Ce sont des rencontres. Moi, j'ai connu l'épopée de la chirurgie à cœur ouvert, c'était vraiment une aventure. Sur mon chemin, il y a eu Alain Carpentier et il m'a dit : "Tu changes d'orientation, tu quittes le digestif et tu viens dans le battant". Et grâce à Bernard Kouchner, autre rencontre, j'en ai rajouté avec Médecins sans frontières. C'était mettre sa compétence au service des plus pauvres. Et je n'ai jamais regretté. J'ai en tête une phrase que je me suis appropriée : "Ici je soigne, là-bas je sauve".
Quand vous créez Médecins sans frontières, le but est de remplir ce fossé béant ?
C'est d'aller là où les autres ne vont pas et de se mettre au service de ces pays de misère. Quand il s'agit de la vie d'un enfant, le fossé est pénible et au fond, ce gosse est né du mauvais côté de la planète. Combler ce fossé, ça peut prendre une vie.
Une histoire vous a beaucoup marqué, c'est celle du petit Christian. On est en 2003, vous exercez à l'hôpital Georges-Pompidou et le Samu vous l’amène dans votre service cardiovasculaire.
Il est arrivé entre la vie et la mort et on l'a sauvé en mettant un cœur artificiel, pas dans la poitrine mais en-dehors. Imaginez la scène, ce petit gosse qui était très beau, un ange qui avait cette espèce de machine à côté de lui qui prenait en charge toute la fonction cardiaque. Et nous, on se disait : "Mais est-ce qu'il va revivre? " Et il a récupéré au bout d'une quinzaine de jours, c'est un miracle technologique.
La mort d'un enfant en salle d'opération ou immédiatement après l'opération, c'est insoutenable. L'angoisse du chirurgien est doublée d'une anxiété qui est : 'Y a-t-il eu erreur ou faute ?' Et ça c'est terrible.
Pr Alain Delocheà franceinfo
Quand on évoque le professeur Deloche, impossible de passer effectivement à côté de cette Chaîne de l'espoir. C'est une usine à gaz que vous avez créée, qui est aujourd'hui devenue incontournable et obligatoire pour maintenir en vie ces enfants. C'est vrai que vous avez œuvré aussi beaucoup pour la construction d'hôpitaux.
C'est le but.
Conakry, ça a été un moment très fort. Kaboul !
Kaboul : miracle, miracle ! C'est vrai que c'est évident que la venue en France de ces enfants, c'était l'acte fondateur, c'était le début du début. Il était évident pour nous qu'il fallait opérer les enfants dans leur pays avec des médecins de leur pays dans les structures bien établies dans leur pays.
Est-ce que l'enfant que vous étiez est fier de l'homme que vous êtes devenu ?

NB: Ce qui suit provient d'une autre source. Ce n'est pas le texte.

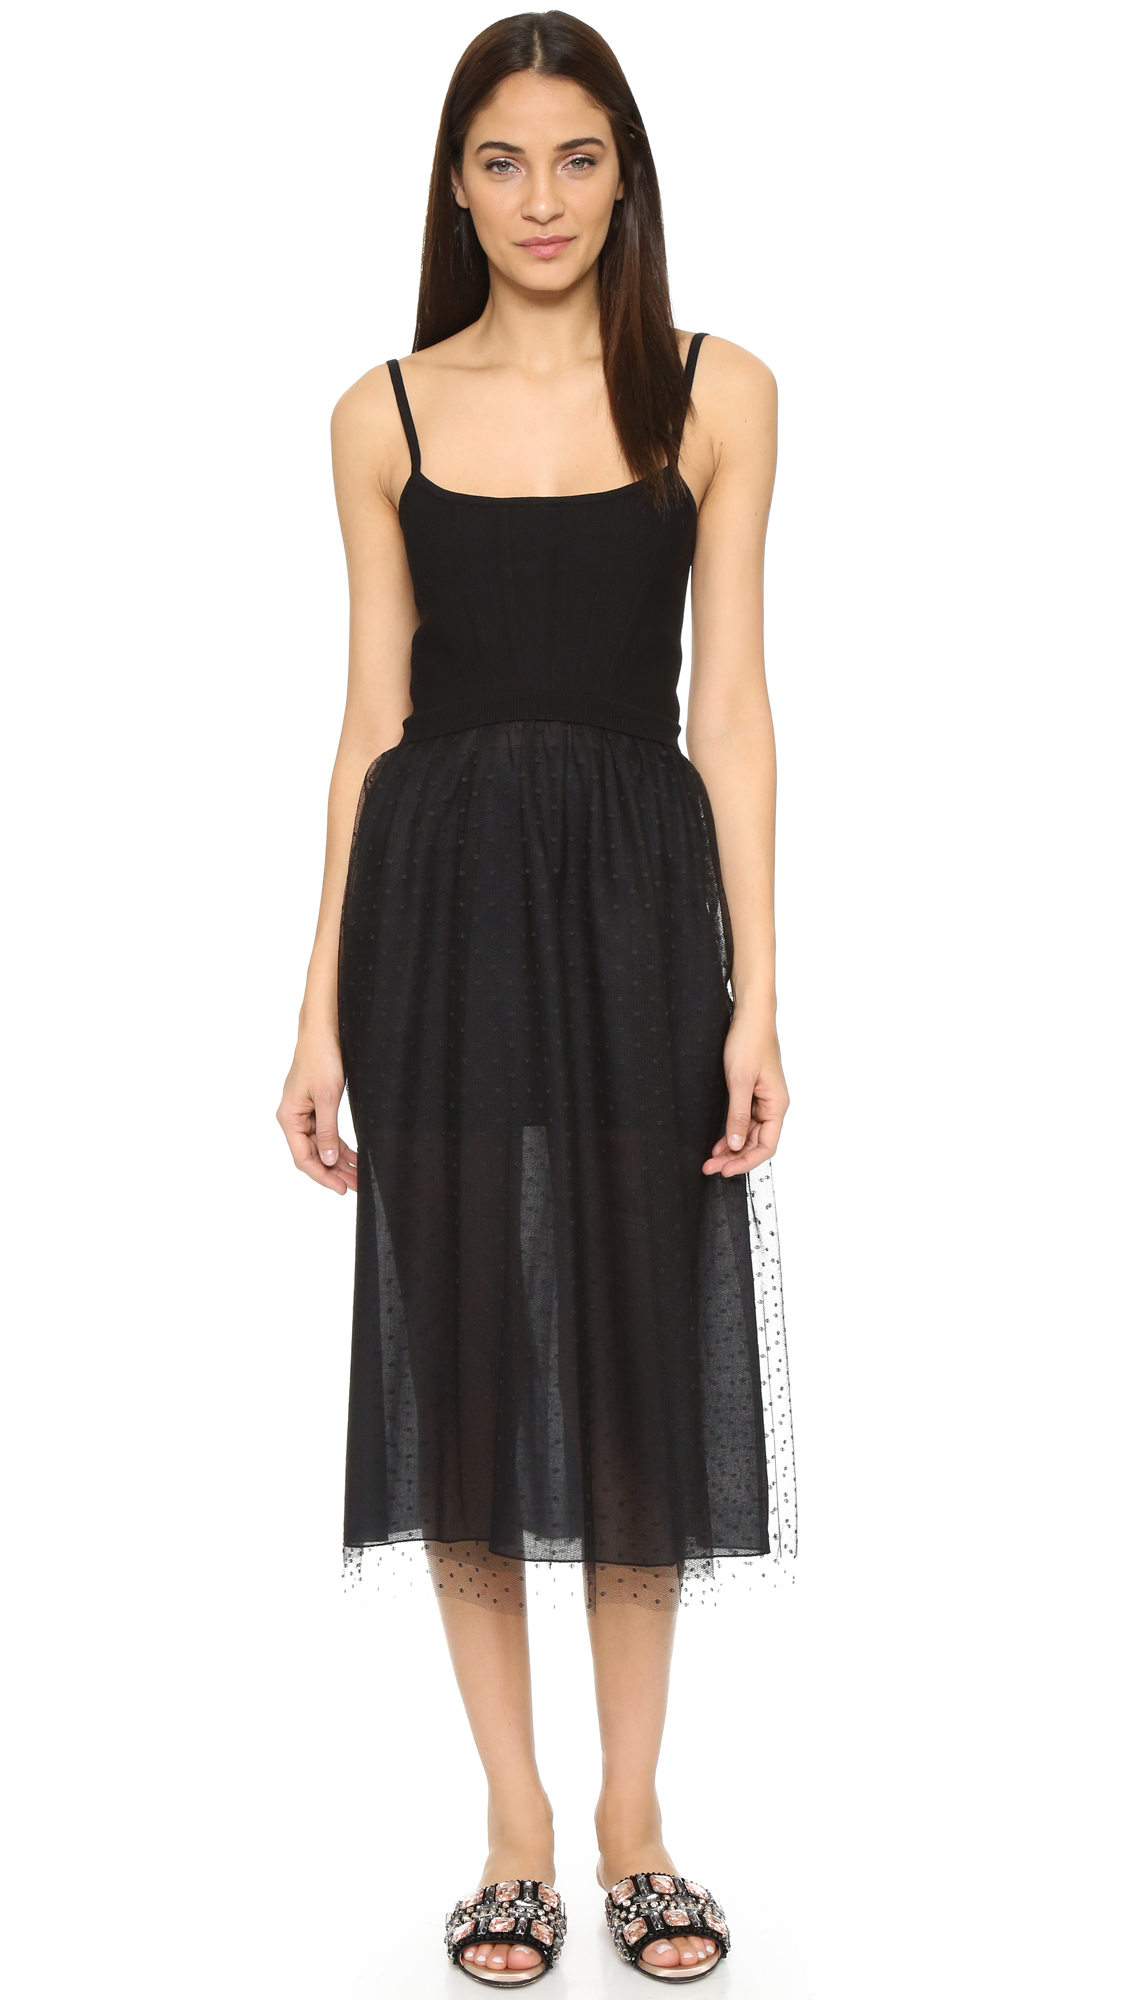 Formidable Red Valentino Black Tea Length Dress Black Product 1 353377313 Normal Tea Length Dresses Prom Tea Length Dresses Amazon wedding dress Tea Length Dresses

C'est difficile d'être fier. Je citerai mon maître à penser, le père Ceyrac. Il me disait : "En faisant cela, tu sèmes dans l'univers", c'est-à-dire que mon geste technique devient un geste d'amour. La vie d'un enfant est sacrée. J'ai accompli un certain nombre de choses. J'aurais peut-être pu faire plus, on peut toujours s'interroger. Il y a eu pas mal d'échecs mais au bout du bout, j'ai quelque chose à raconter. En tout cas, je me suis donné.
Comment vivez-vous cette retraite?
On n'arrête pas un TGV. Chacun choisit sa retraite. Comme j'étais un enfant hyperactif, je suis un retraité hyperactif.